Session Management

Session management in Crawl4AI is a powerful feature that allows you to maintain state across multiple requests, making it particularly suitable for handling complex multi-step crawling tasks. It enables you to reuse the same browser tab (or page object) across sequential actions and crawls, which is beneficial for:

  • Performing JavaScript actions before and after crawling.
  • Executing multiple sequential crawls faster without needing to reopen tabs or allocate memory repeatedly.

Note: This feature is designed for sequential workflows and is not suitable for parallel operations.


Basic Session Usage

Use BrowserConfig and CrawlerRunConfig to maintain state with a session_id:

from crawl4ai.async_configs import BrowserConfig, CrawlerRunConfig

async with AsyncWebCrawler() as crawler:
    session_id = "my_session"

    # Define configurations
    config1 = CrawlerRunConfig(
        url="https://example.com/page1", session_id=session_id
    )
    config2 = CrawlerRunConfig(
        url="https://example.com/page2", session_id=session_id
    )

    # First request
    result1 = await crawler.arun(config=config1)

    # Subsequent request using the same session
    result2 = await crawler.arun(config=config2)

    # Clean up when done
    await crawler.crawler_strategy.kill_session(session_id)

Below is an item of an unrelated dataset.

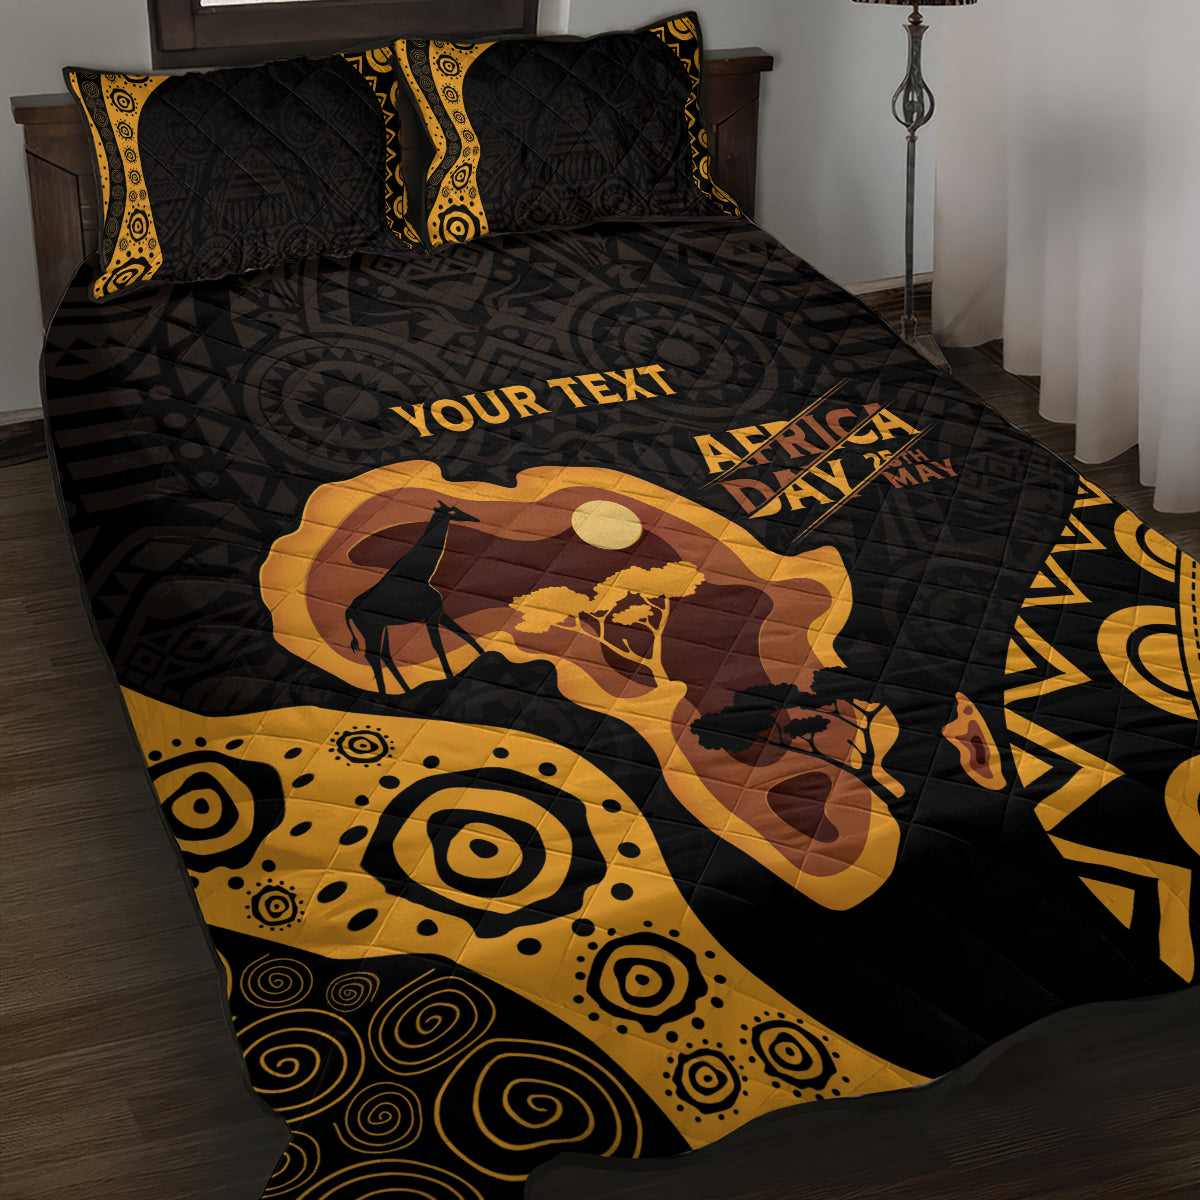 Africa Day Personalized Quilt Bed Set Ethnic Retro Style

Dynamic Content with Sessions

Here's an example of crawling GitHub commits across multiple pages while preserving session state:

from crawl4ai.async_configs import CrawlerRunConfig
from crawl4ai import JsonCssExtractionStrategy
from crawl4ai.cache_context import CacheMode

async def crawl_dynamic_content():
    url = "https://github.com/microsoft/TypeScript/commits/main"
    session_id = "wait_for_session"
    all_commits = []

    js_next_page = """
    const commits = document.querySelectorAll('li[data-testid="commit-row-item"] h4');
    if (commits.length > 0) {
        window.lastCommit = commits[0].textContent.trim();
    }
    const button = document.querySelector('a[data-testid="pagination-next-button"]');
    if (button) {button.click(); console.log('button clicked') }
    """

    wait_for = """() => {
        const commits = document.querySelectorAll('li[data-testid="commit-row-item"] h4');
        if (commits.length === 0) return false;
        const firstCommit = commits[0].textContent.trim();
        return firstCommit !== window.lastCommit;
    }"""

    schema = {
        "name": "Commit Extractor",
        "baseSelector": "li[data-testid='commit-row-item']",
        "fields": [
            {
                "name": "title",
                "selector": "h4 a",
                "type": "text",
                "transform": "strip",
            },
        ],
    }
    extraction_strategy = JsonCssExtractionStrategy(schema, verbose=True)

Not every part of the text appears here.